### PROBLEM REQUIREMENTS
Extract each line of the material that follows exactly and omit its pictures.

### INFORMATION PROVIDED
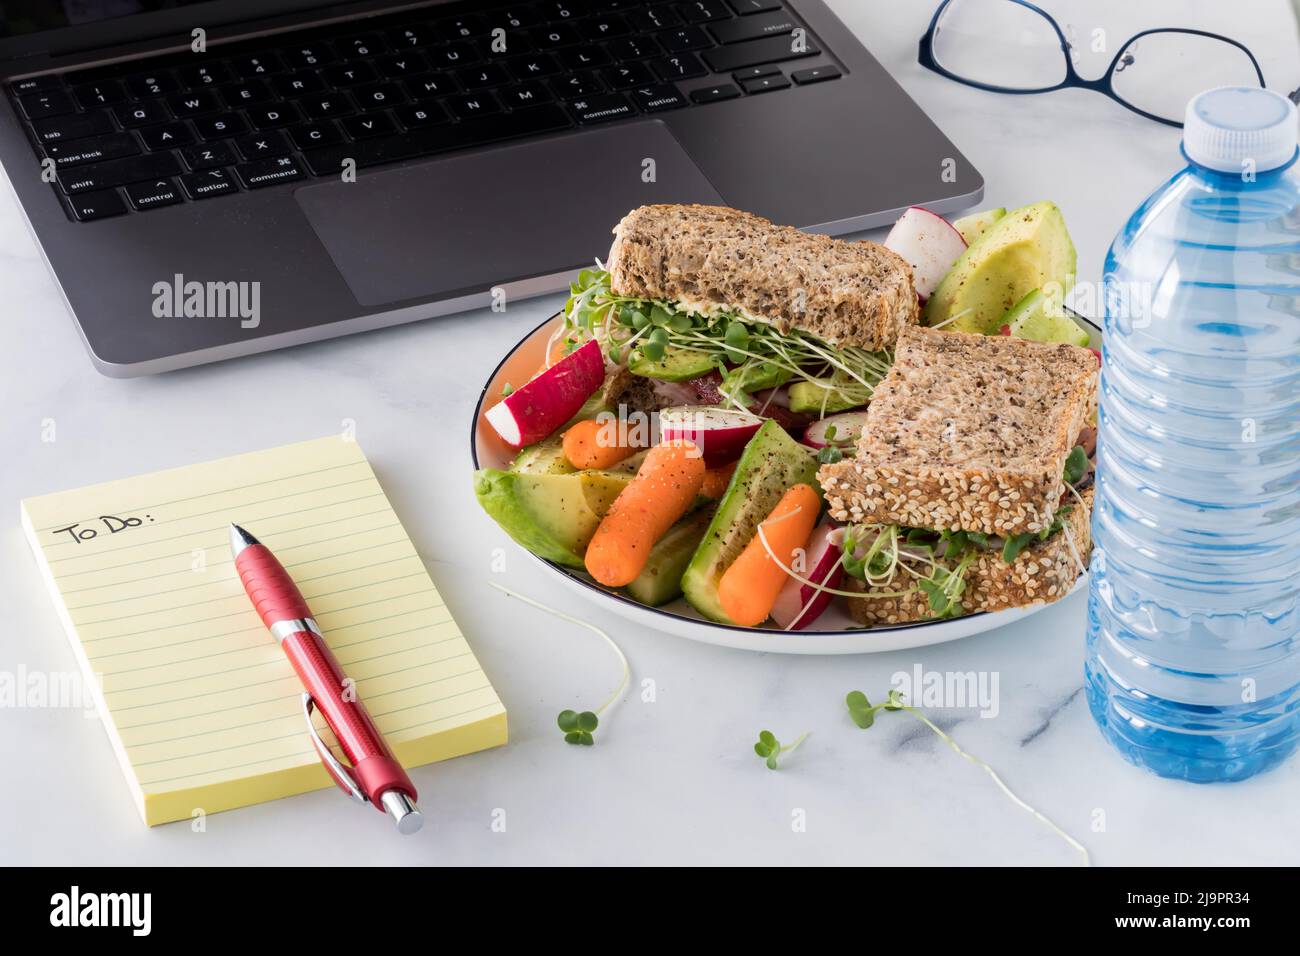 A healthy cape seed bread sandwich served with a side of raw vegetables. Stock Photo
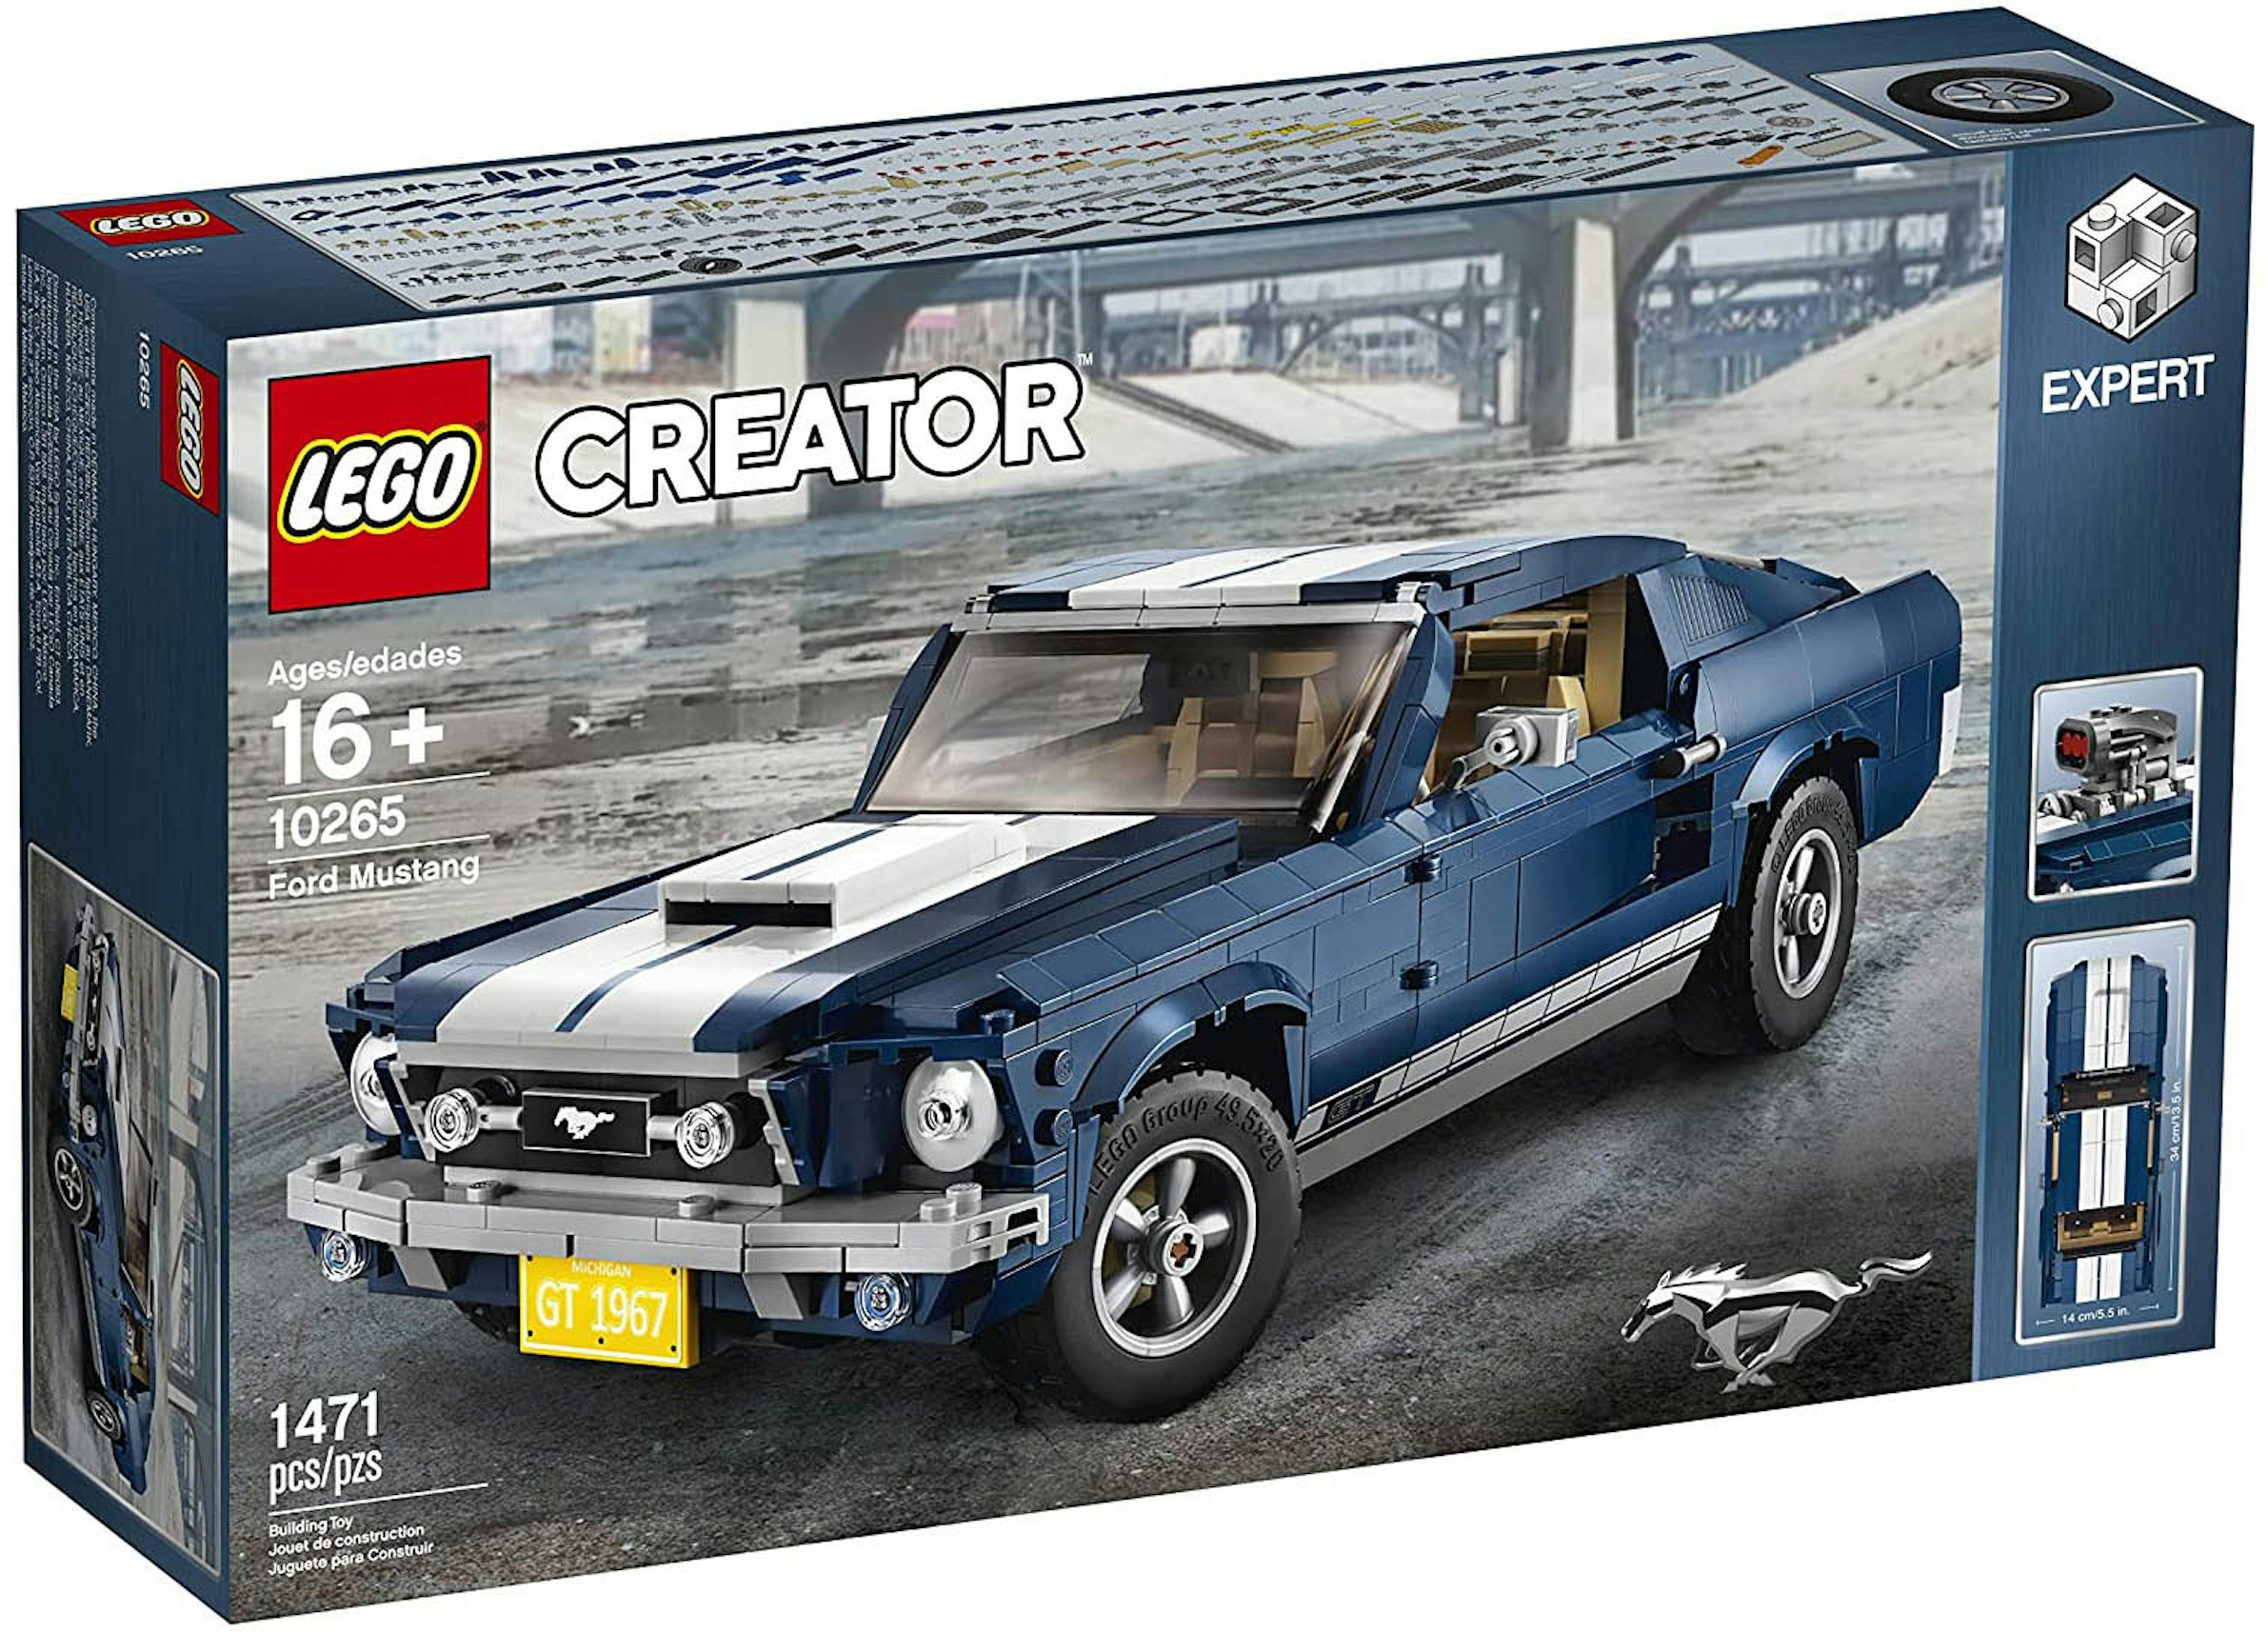 - Set US Mustang Ford GT 10265 LEGO Creator
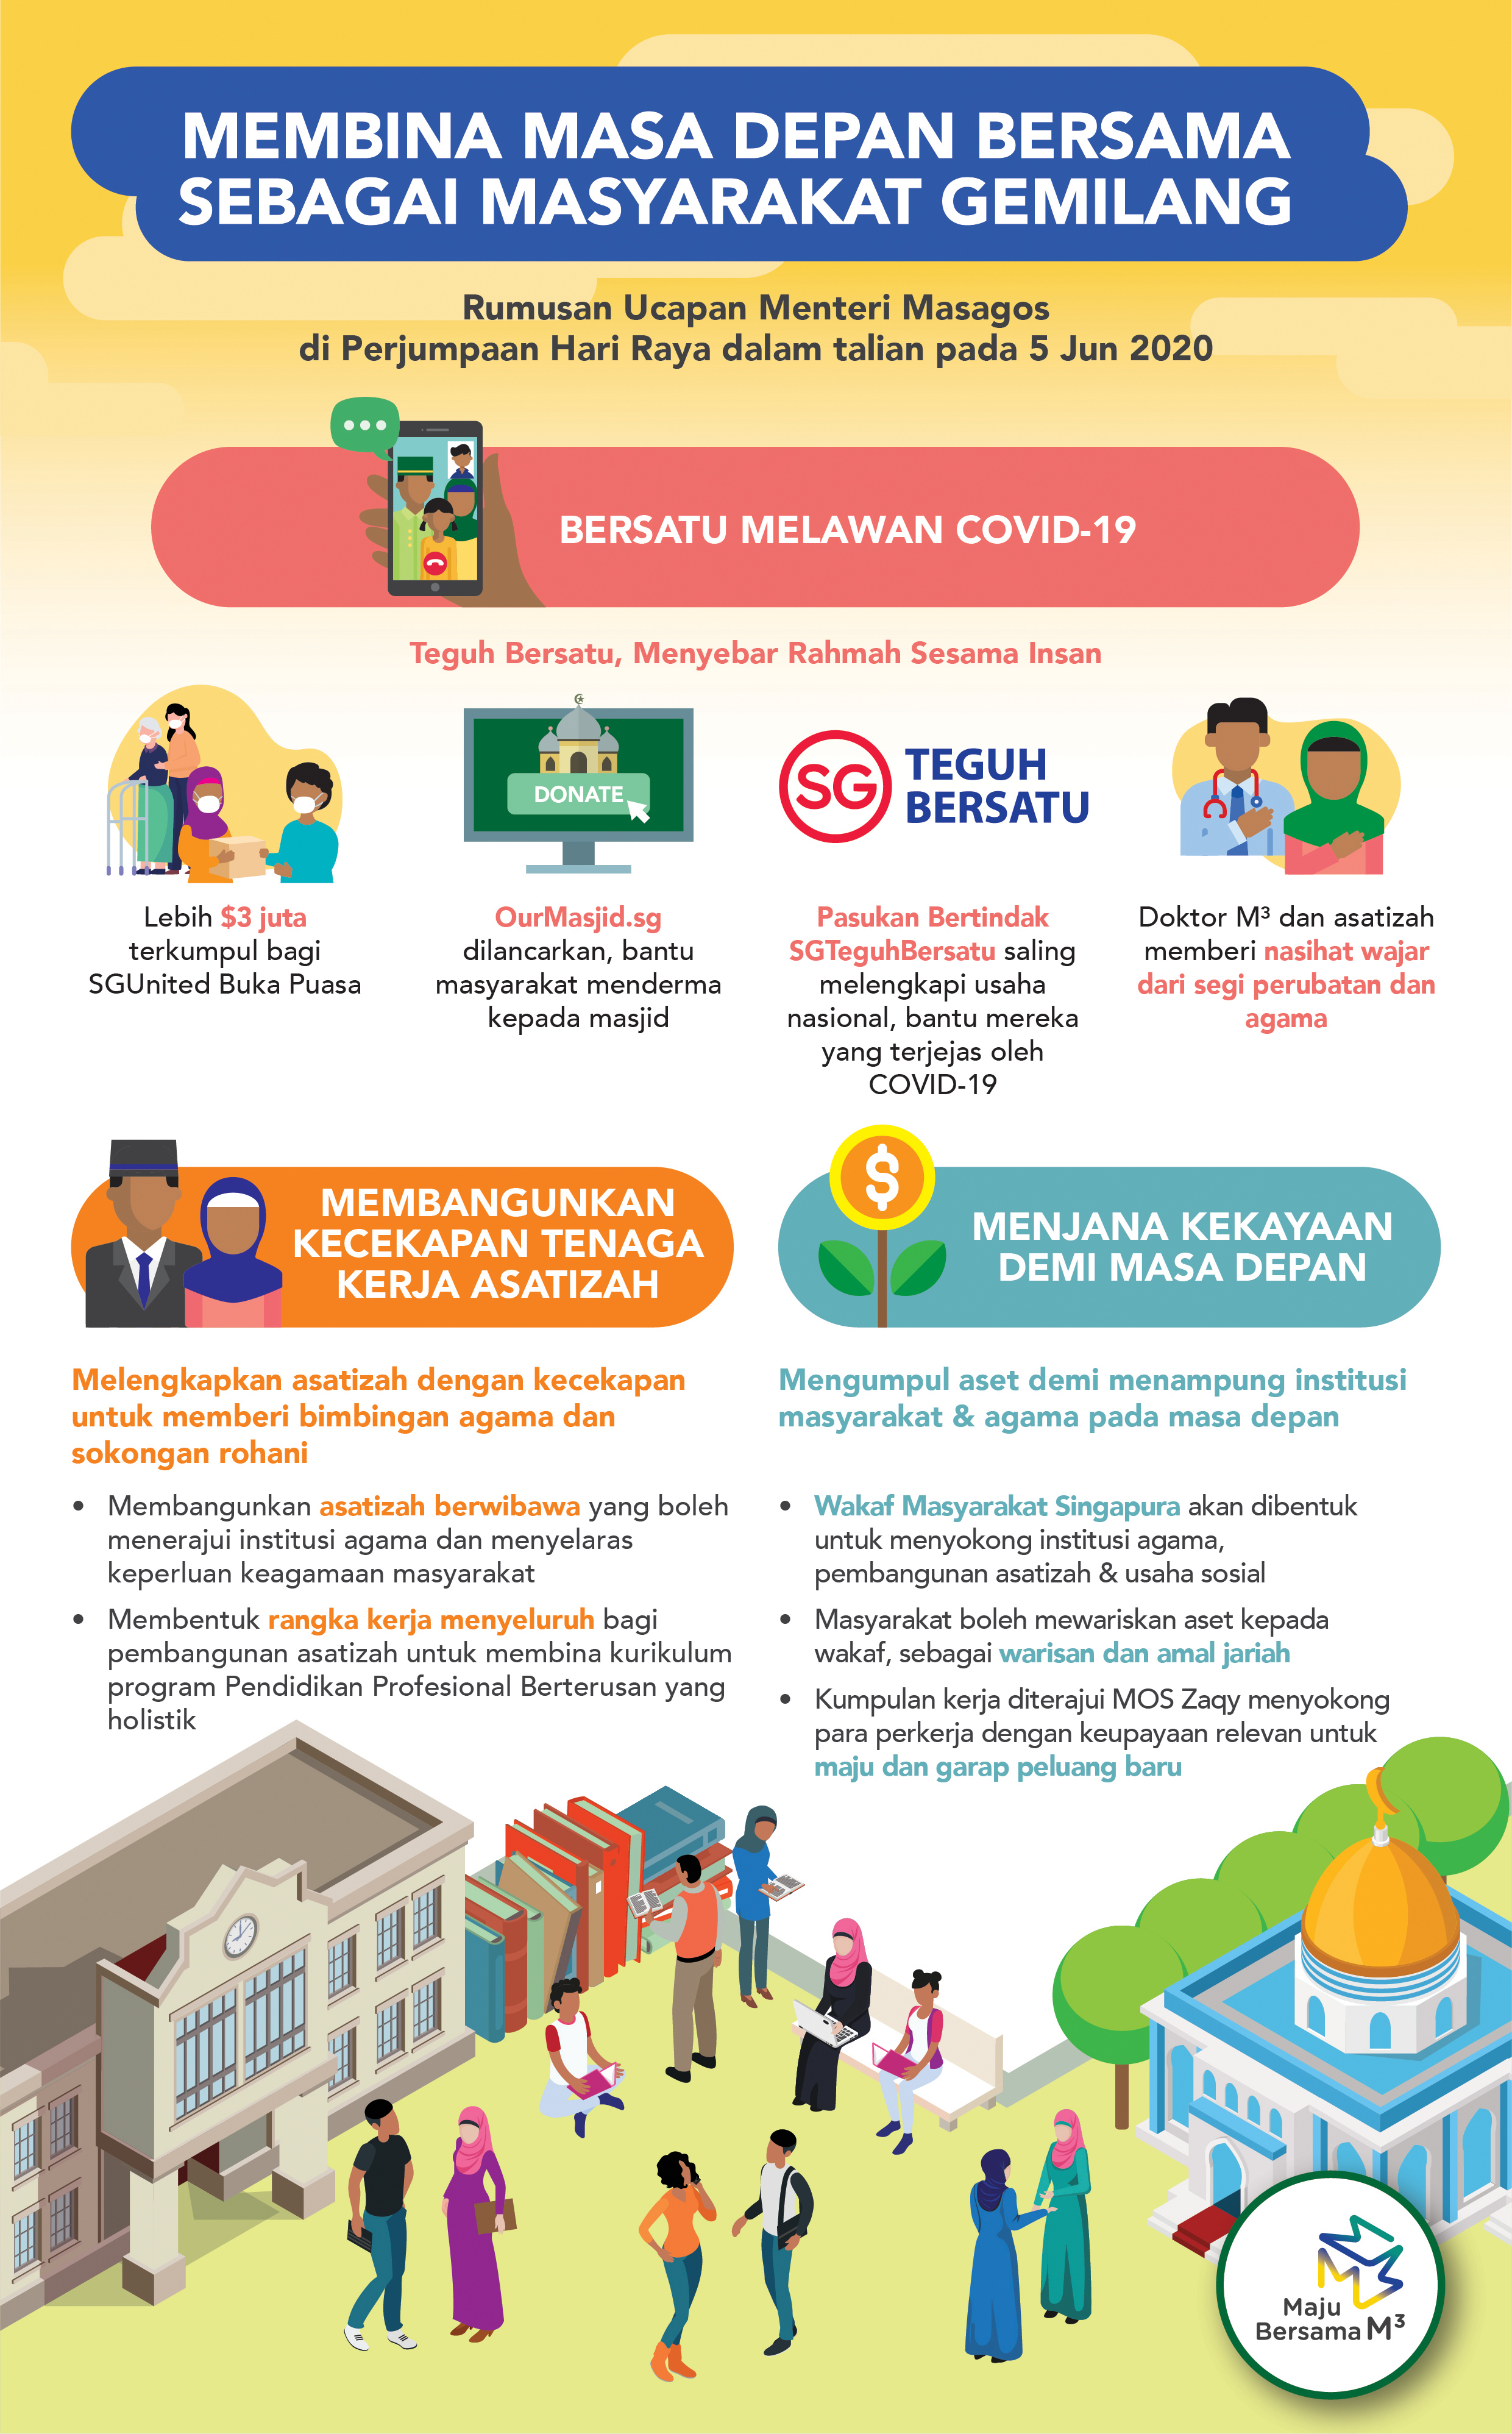 M3 Infographic in Malay

### SOLUTION
 A healthy cape seed bread sandwich served with a side of raw vegetables. Stock Photo
 - Set US Mustang Ford GT 10265 LEGO Creator
 M3 Infographic in Malay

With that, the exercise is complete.